Hey Bill! First of all, love reading your stuff. Good job on making it easier even for people who aren’t exactly like a fish in the water in the search engine industry. Love the example about grizzly bears, makes things so much easier to understand.
Do you think this will be done using some sort of AI or will it be a similar story we currently have with Captcha where the actual users “do the work” for Google?
Hi Greg,
Glad to hear that you are liking my posts. A lot of concepts like this one where Google is working on learning from images that have been posted to the Web is new. The example about grizzly bears is one that I had to include, because when you see a lot of pictures of Grizzly bears hunting, and they all take place with the bears in the middle of rivers, you don’t realize how much they rely upon fish.
The analysis of pictures like this is a machine learning approach with AI involved. But, Google has shown us that they are using overlapping approaches, and in addition to having computers analyze pictures for the entities in the, have also returned to using the image labeler game to get humans involved. The patent mentions the inventor of CAPTCHAs when taling about the Image Labeler game, because he is the inventor of the ESP game, which inspired the Image Labeler game. Combining both approaches makes a lot of sense. Google has lots of seemingly redundant practices that act as check on each other. So, yes, both AI and Crowdsourcing using humans will be involved in learning from images.
This is a great unformation to read Bill, thanks for sharing it with us.

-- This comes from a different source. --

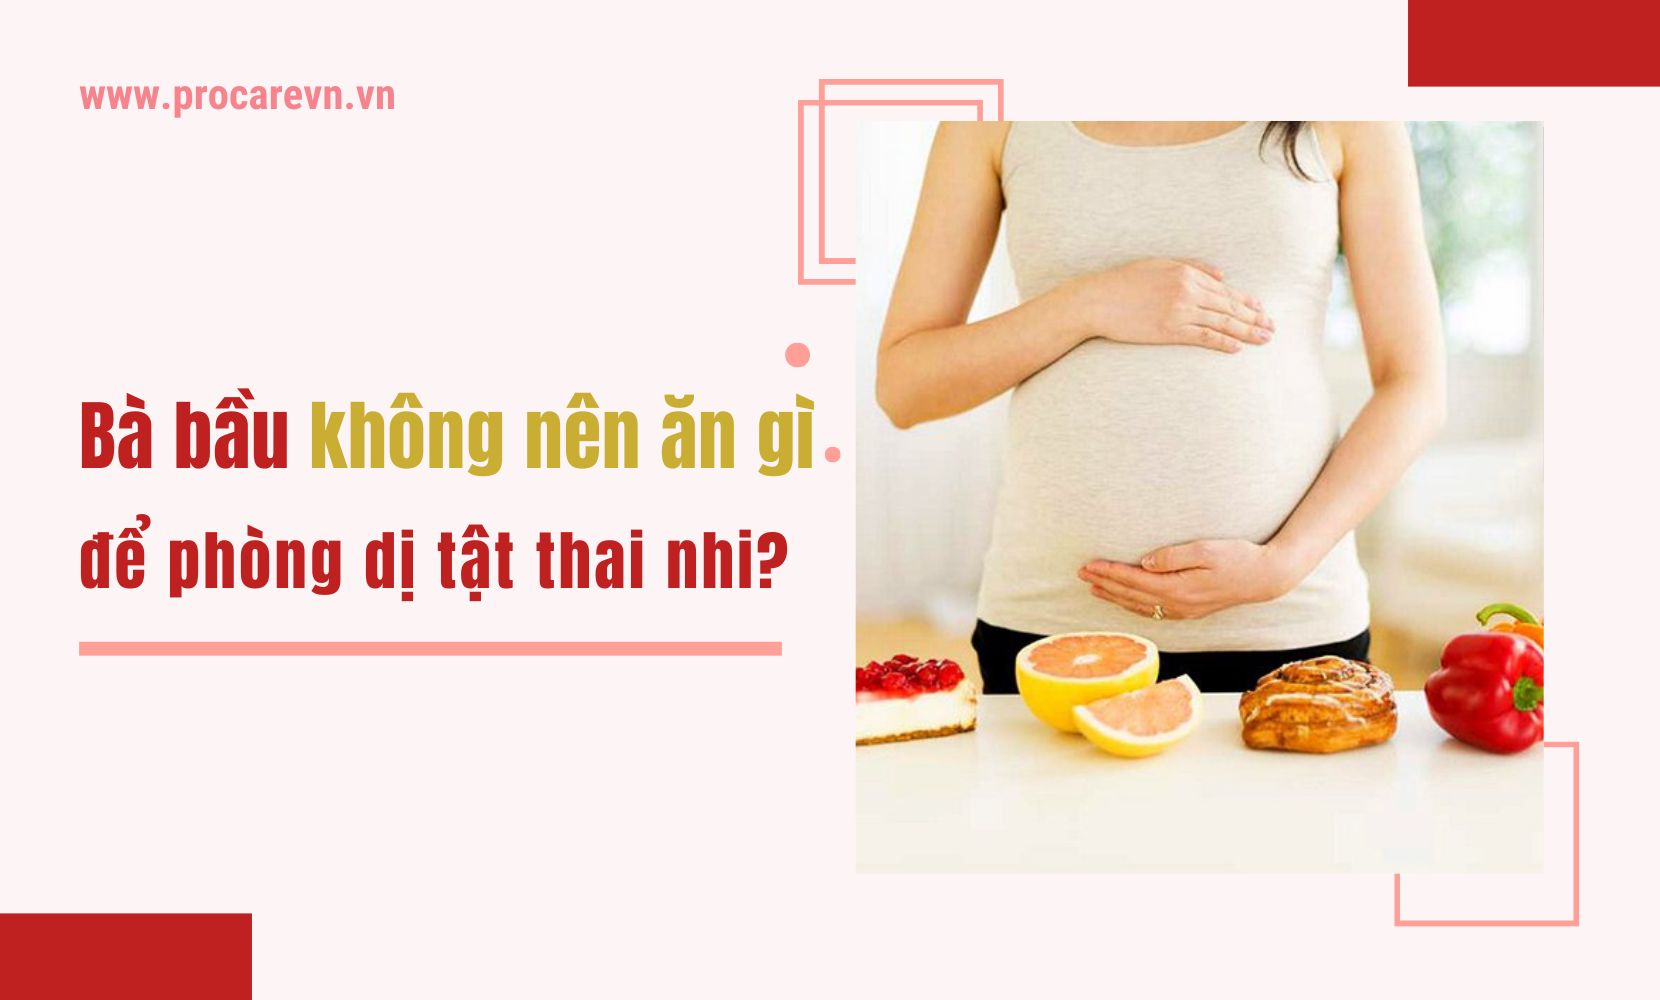 Sống khỏe 3 tháng đầu ăn gì để an thai Tips ẩm thực vô cùng hữu ích cho bà bầu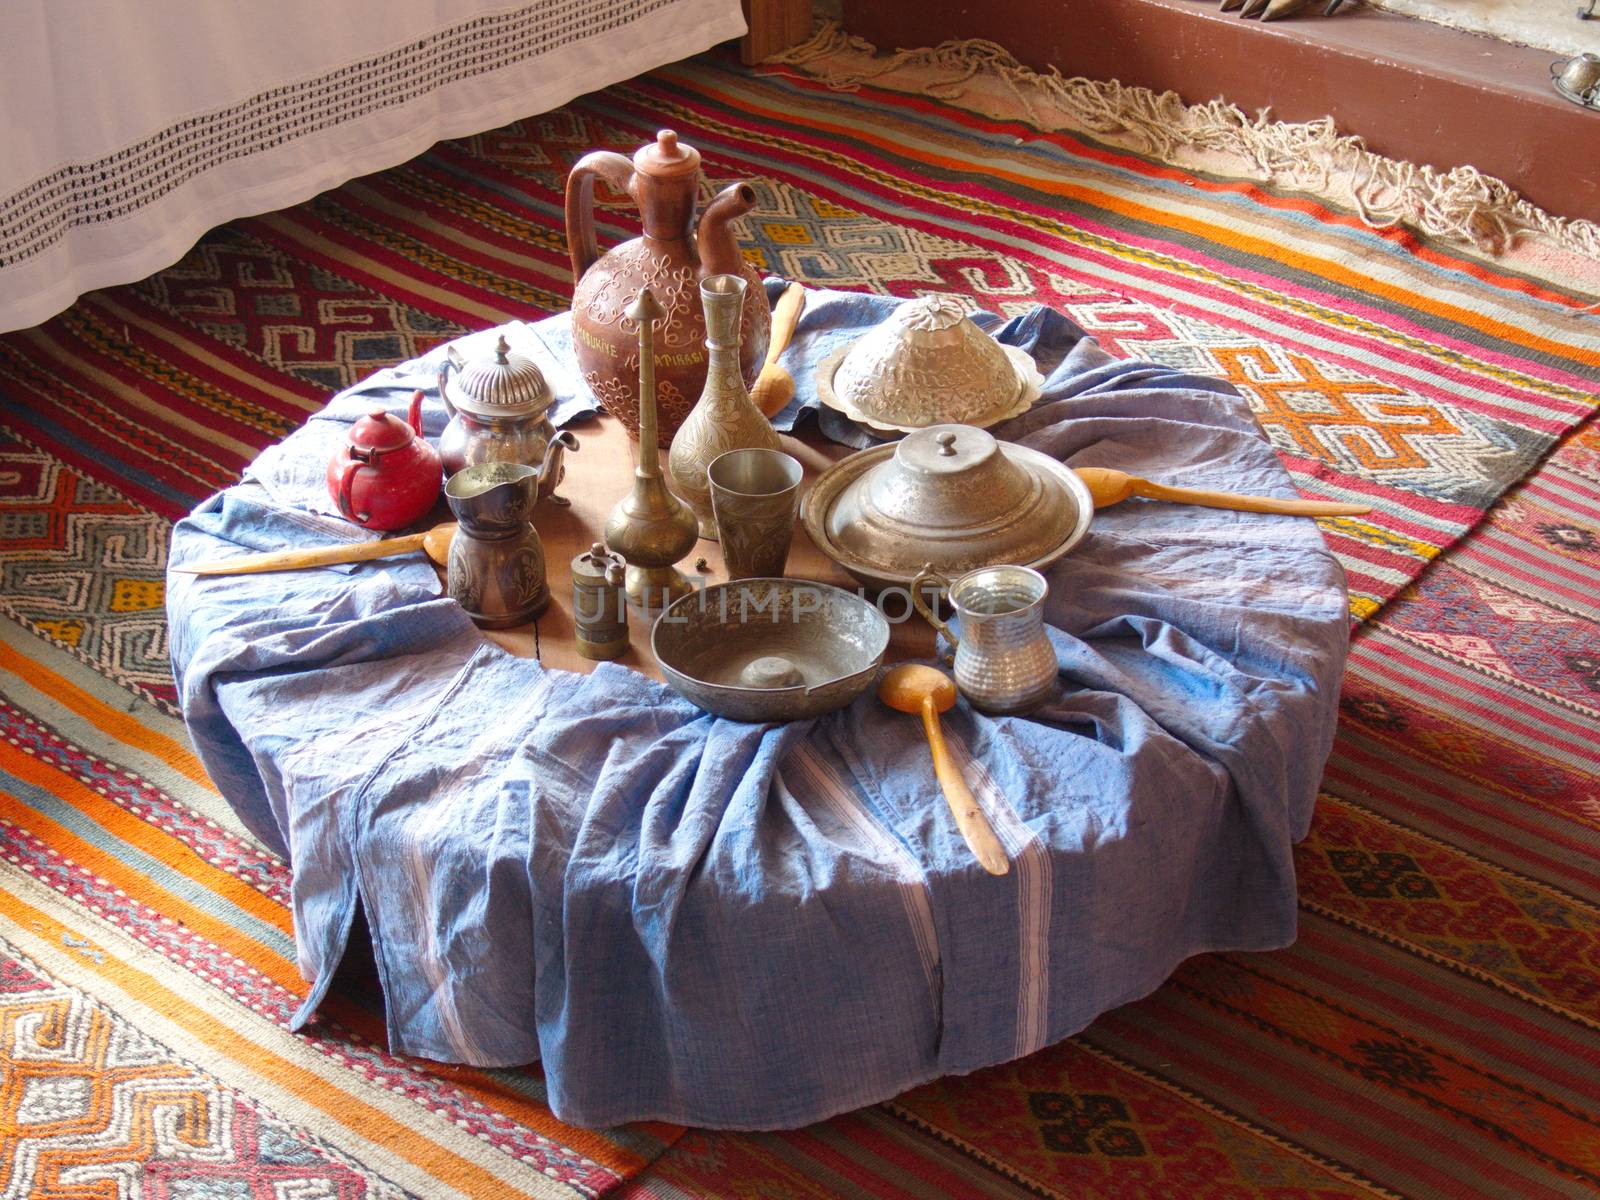 old turkish ottoman dinner table. historic kitchen utensils

Great article. I appreciate your attention to this subject and I learned a lot
Thanks for sharing this informative article. Today images play more role in any search to attract users, so we give more priority to image optimization.
Hey Bill,
Your research work is commendable! I always appreciate those articles from which I have learned a lot, your article is one of them.
Thanks for sharing!
Hey Bill,
Really fascinating stuff here, although the Michael Jordan example kills me as a pistons fan living in Chicago.
Hey Bill,
Your research work is commendable! I always appreciate those articles from which I have learned a lot Thanks for sharing!
Thanks Bill,
This is some very interesting information. I had no clue that google image search was becoming so intricate with entities and how they relate.
Hi Mike,
They are getting gooe with the labels they are using for images, and the categories those labels indicated do a good job of providing related information about things in the images. They can recognize objects in images, look at metadata in images, and read text from images, too.
Hi Bill!
Great article, some real good, informational insights in there. Its amazing to gain a real understanding into how Google have become so in-depth in regards to where Google images are ranking.
Some great takeaways that I can take forward when optimising images in the future.
This is some very interesting information. I had no clue that google image search was becoming so intricate with entities and how they relate.
Hi Bill!
Great article, some real good, informational insights in there. Its amazing to gain a real understanding into how Google have become so in-depth in regards to where Google images are ranking.
Some great takeaways that I can take forward when optimising images in the future.